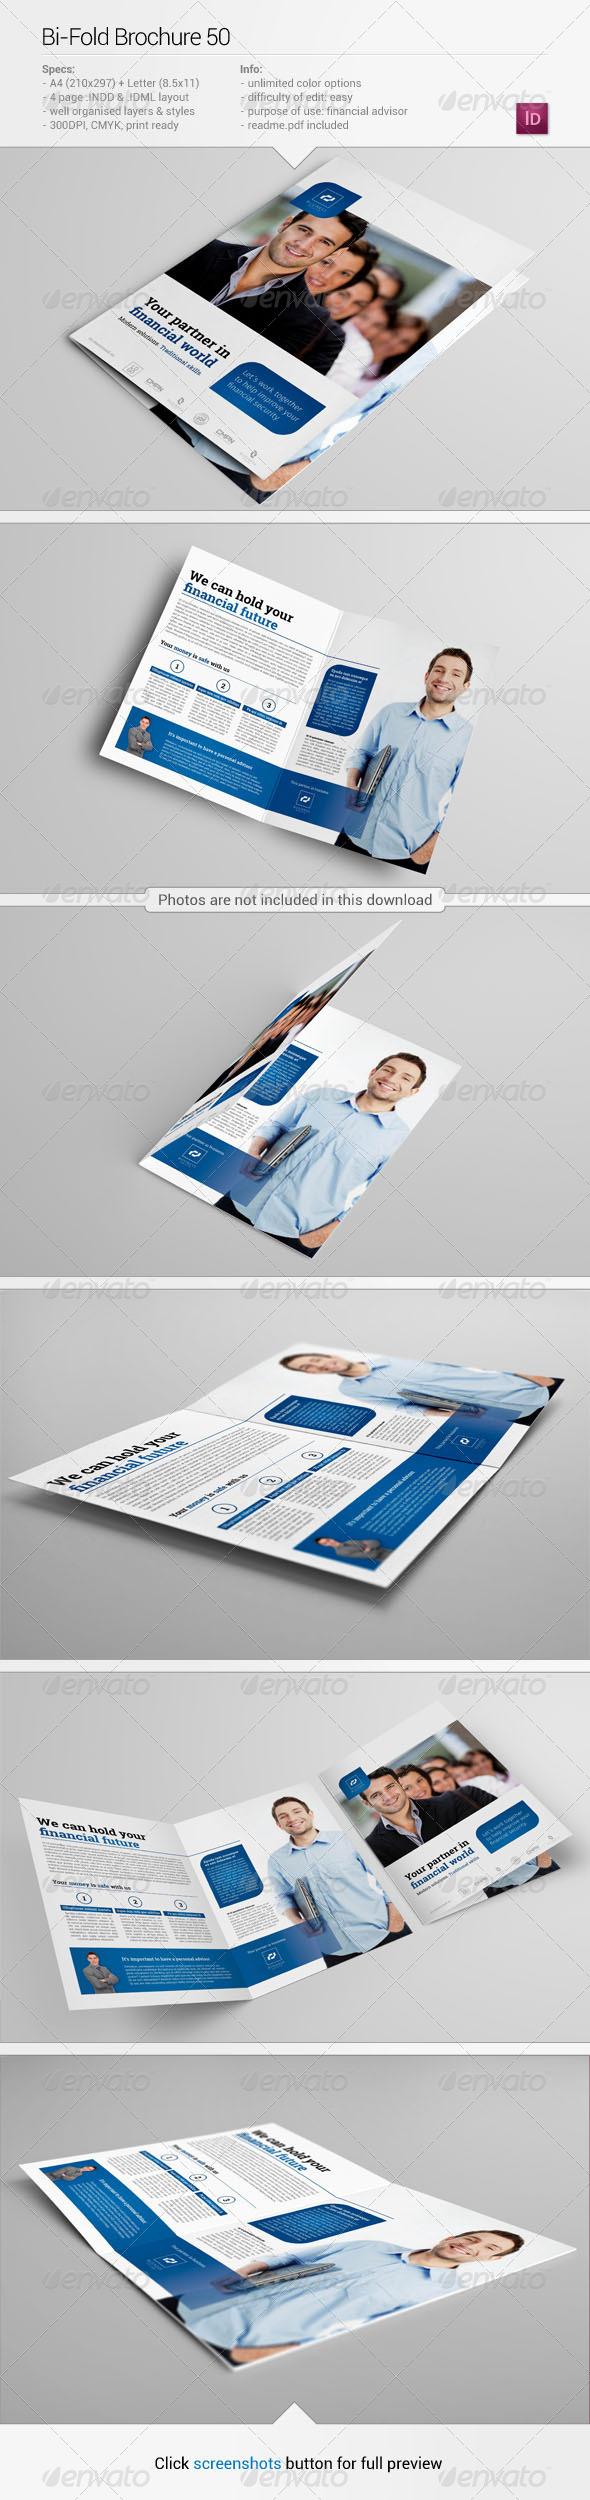 GraphicRiver Bi-Fold Brochure 50 6346716
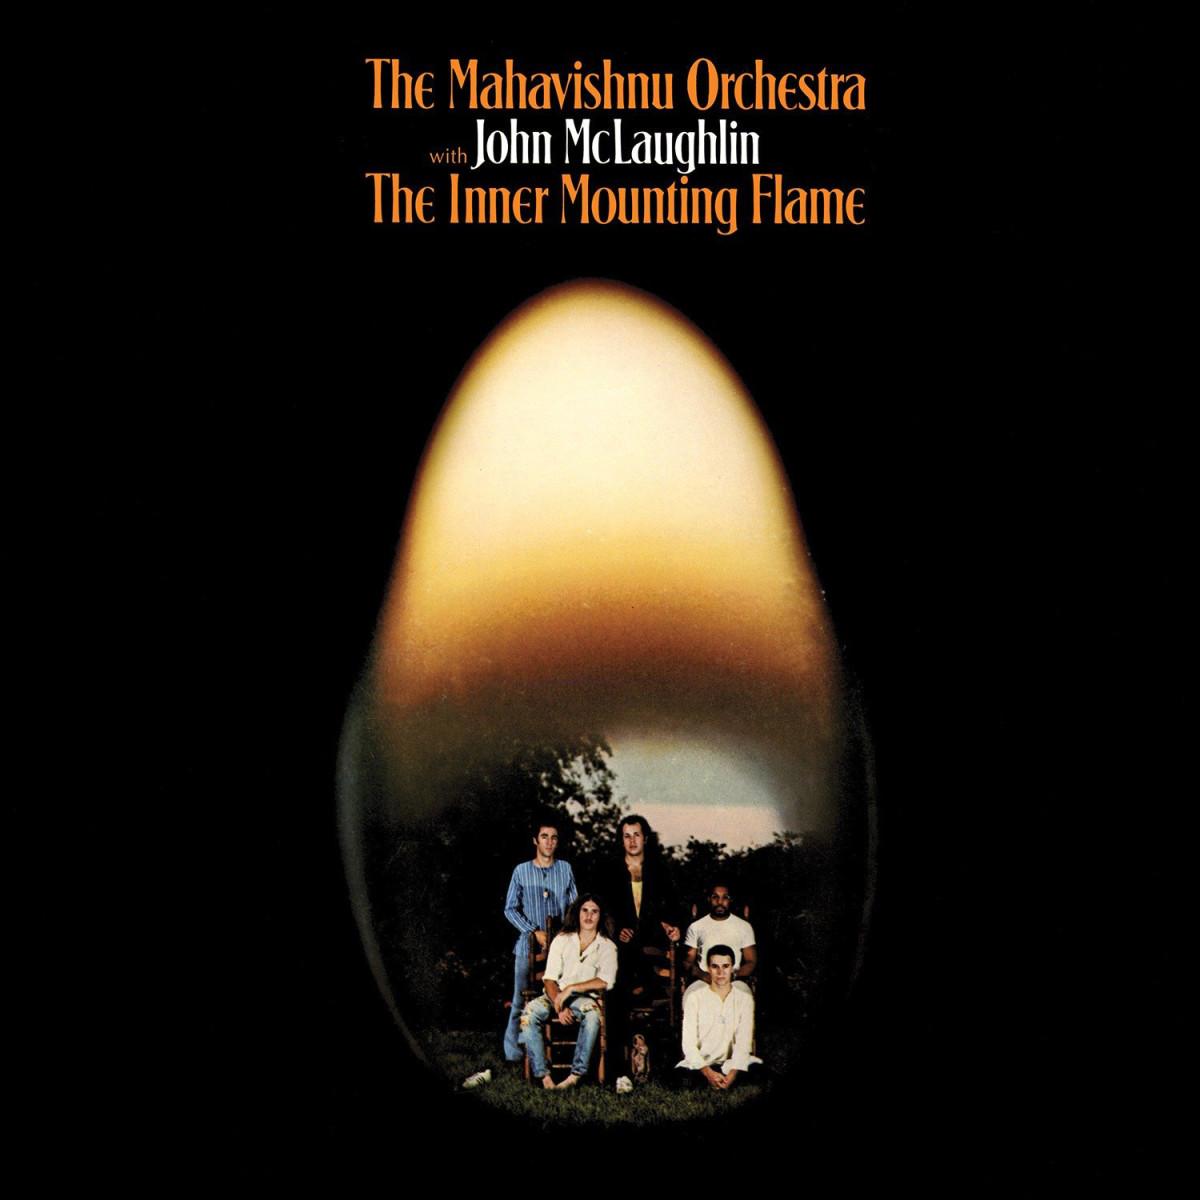 Mahavishnu Orchestra with John McLaughlin, The Inner Mounting Flame
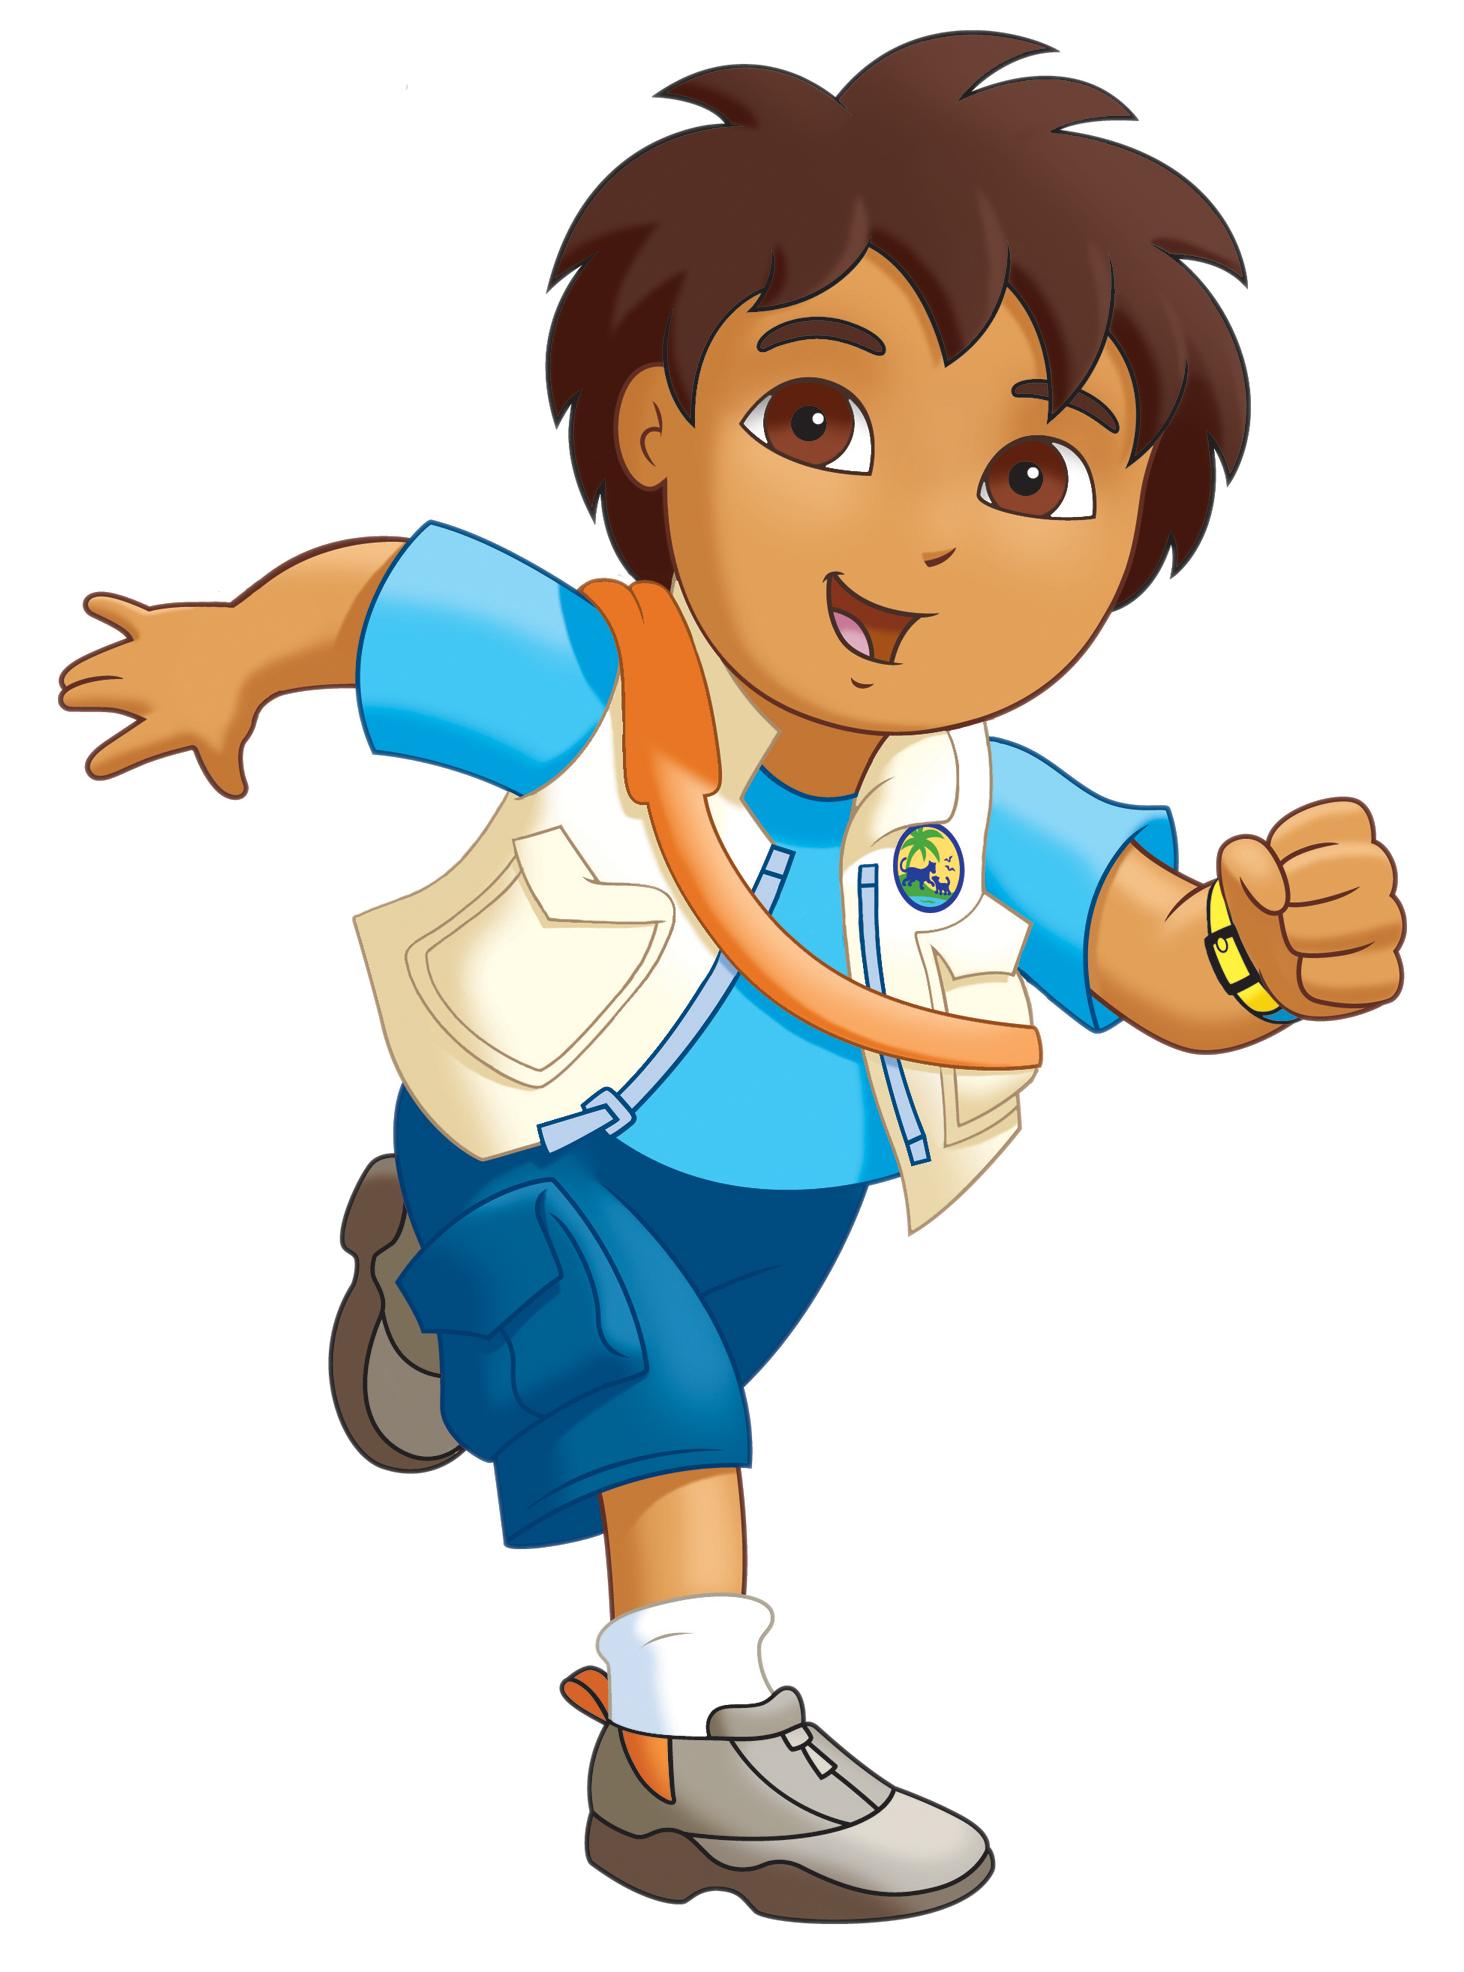 Category:Big Hero 6 Characters | The Parody Wiki | FANDOM

• Work order: An exact reproduction of the material above is needed, without its pictures.

• Output for this exercise:
 GraphicRiver Bi-Fold Brochure 50 6346716
 Mahavishnu Orchestra with John McLaughlin, The Inner Mounting Flame
 Category:Big Hero 6 Characters | The Parody Wiki | FANDOM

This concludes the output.